I never even buy live maggots or waxworms anymore. Gulp! makes some amazing products and I actually believe that the Gulp! Waxies outfish real waxworms and maggots. However, I have not had the same luck with the Gulp! maggots. The Gulp! waxies stay on the hook much better than the real thing and they disperse more scent. When fishing with live larval baits, maggots stay on the hook much better than waxworms. When I used to use live waxworms, I also had a problem with keeping them on the hook mostly from pesky minnows picking them off the hook. The Gulp! Waxies are also deadly on panfish, and the fish really do eat it. I also love Gulp! nightcrawlers and earthworms for smallmouths and catfish. The Gulp! maggots never produced anything for me and though I have caught steelies on the Gulp! Alive minnows I actually prefer Berkley Realistix soft plastic minnows.

John


----------



## Fisherman419 (Dec 2, 2006)

I have used the gulp maggots a couple times this season with success. sounds likt the waxies work even better? I will have to try those.


----------



## CRAPPIE LOVER (Feb 11, 2007)

Have the Gulp Maggots and the waxies...look and feel like real...used them on the Grand two weeks ago and I had great success with both of them...Caught three and missed two lost one that was the best I ever done....As they say don't leave home without them....:B GOOD FISHING GUYS....


----------



## vkutsch (Oct 28, 2005)

To me, the real maggots stay on the hook great. I have the gulp maggots, havn't tried them too much, but when I have, they have flown right off the hook when casting them. 
I was wondering, has anyone ever tried sticking a glob of powerbait on a jig?


----------



## Bobinstow90 (Apr 13, 2006)

Fisherman419 said:


> I have used the gulp maggots a couple times this season with success. sounds likt the waxies work even better? I will have to try those.

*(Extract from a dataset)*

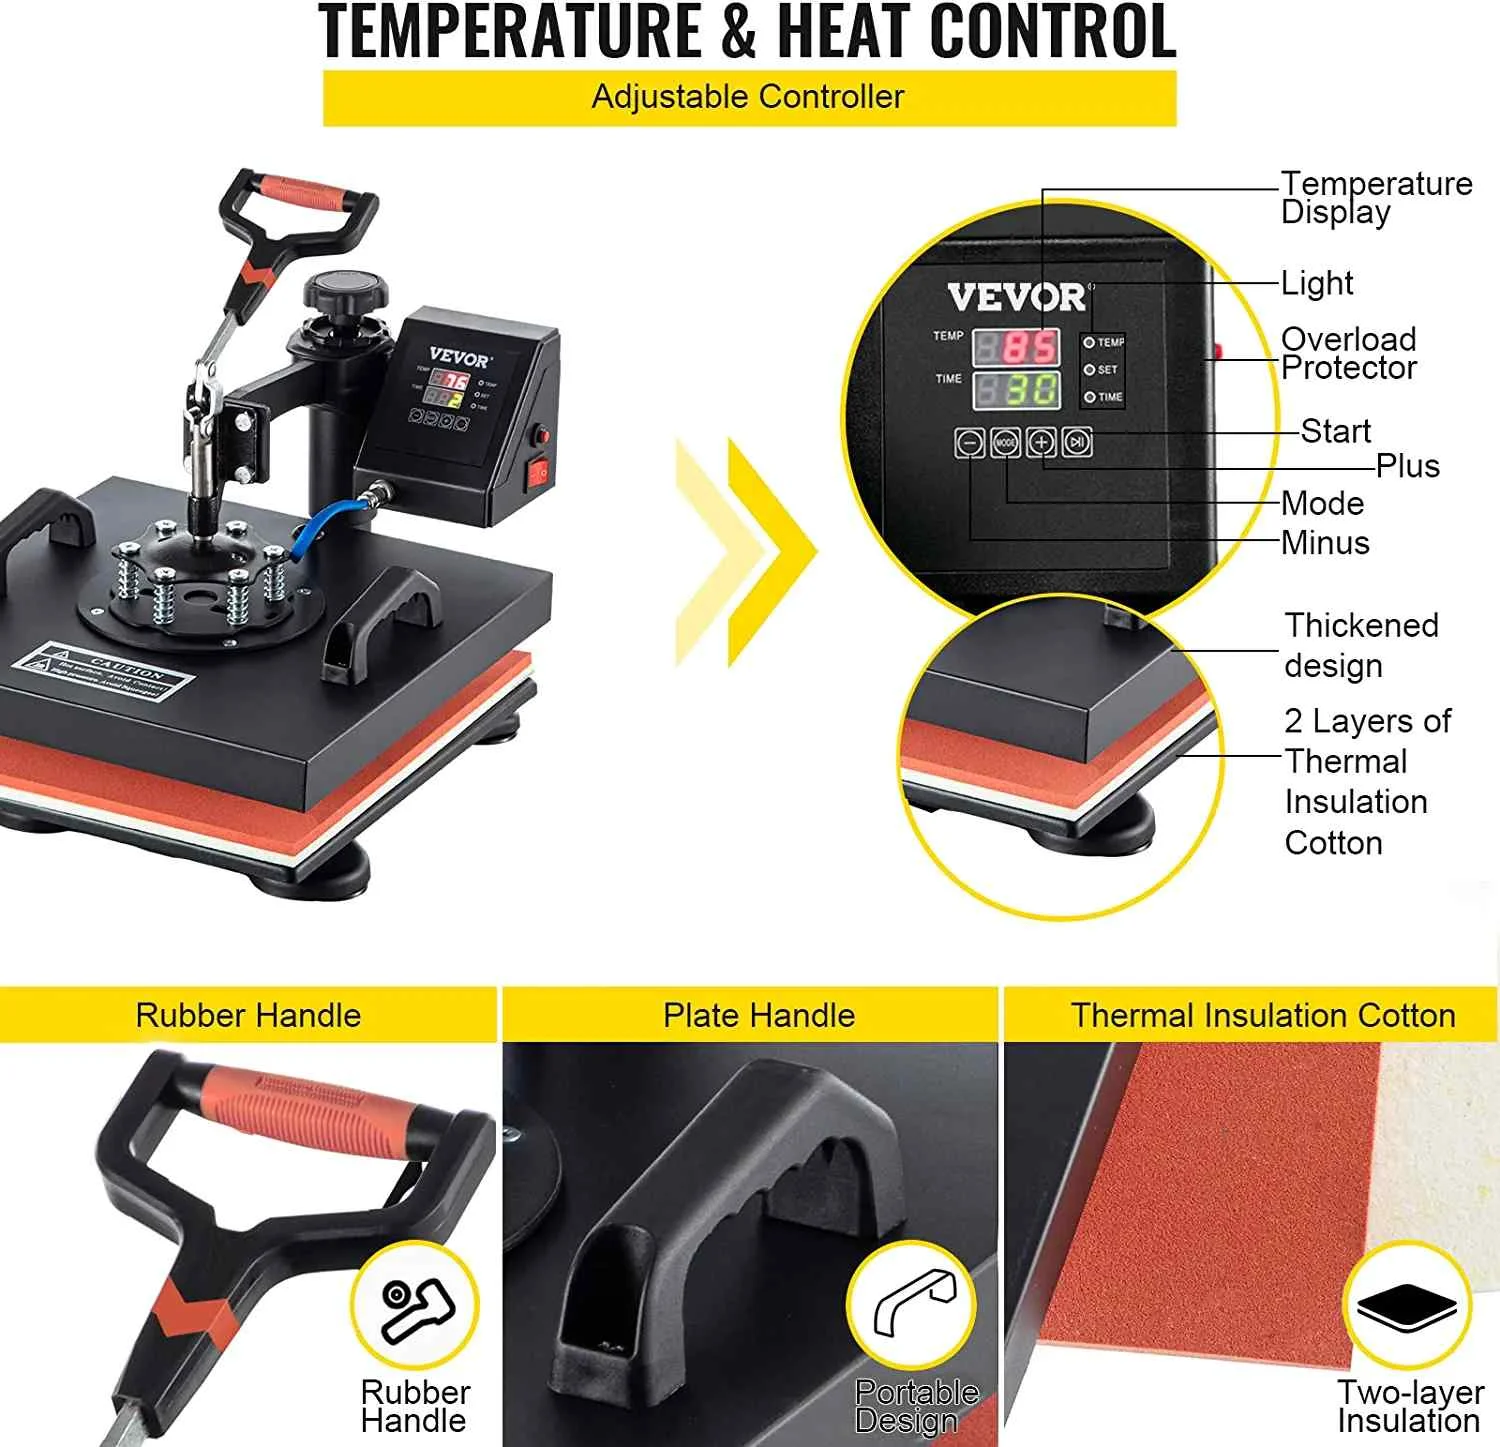 Vevor heat press machine key feature

So that's how you attract all those farm animals


----------



## jojopro (Oct 9, 2007)

I don't know if they reformulated them since I first got them or if I just got a bad batch or what, since I have heard of plenty of people catching fish on the Gulp! maggots while I have never even gotten so much as a nibble with them. I bought the Gulp! maggots probably a couple of years ago. They really don't look like real maggots but more like chartreuse fish turds with a firm doughy consistency.

The waxies on the other hand, have a more realistic look (all be it the look of a waxworm cut in half), and their consistency is a little more firm like that of a soft plastic bait, allowing them to stay on your hook better than real bait or the softer Gulp! maggots. I have also had success fishing the Gulp waxies alone on a hook, putting 2 halves together to give the appearance of one whole waxworm. 

I haven't tried nor heard of many people catching steel with the trout dough baits. I generally only hear of those being used for inland trout. Wouldn't hurt to give it a shot though. Allthough I would guess that you would have an even tougher time keeping it on your jig/hook than other baits.

John


----------



## kruggy1 (Feb 6, 2008)

Thanks guys I will have to buy some gulp waxies this season and give them a try. That should eliminate my other problem and that is forgetting about live bait in your vest until your next trip out....lol.


----------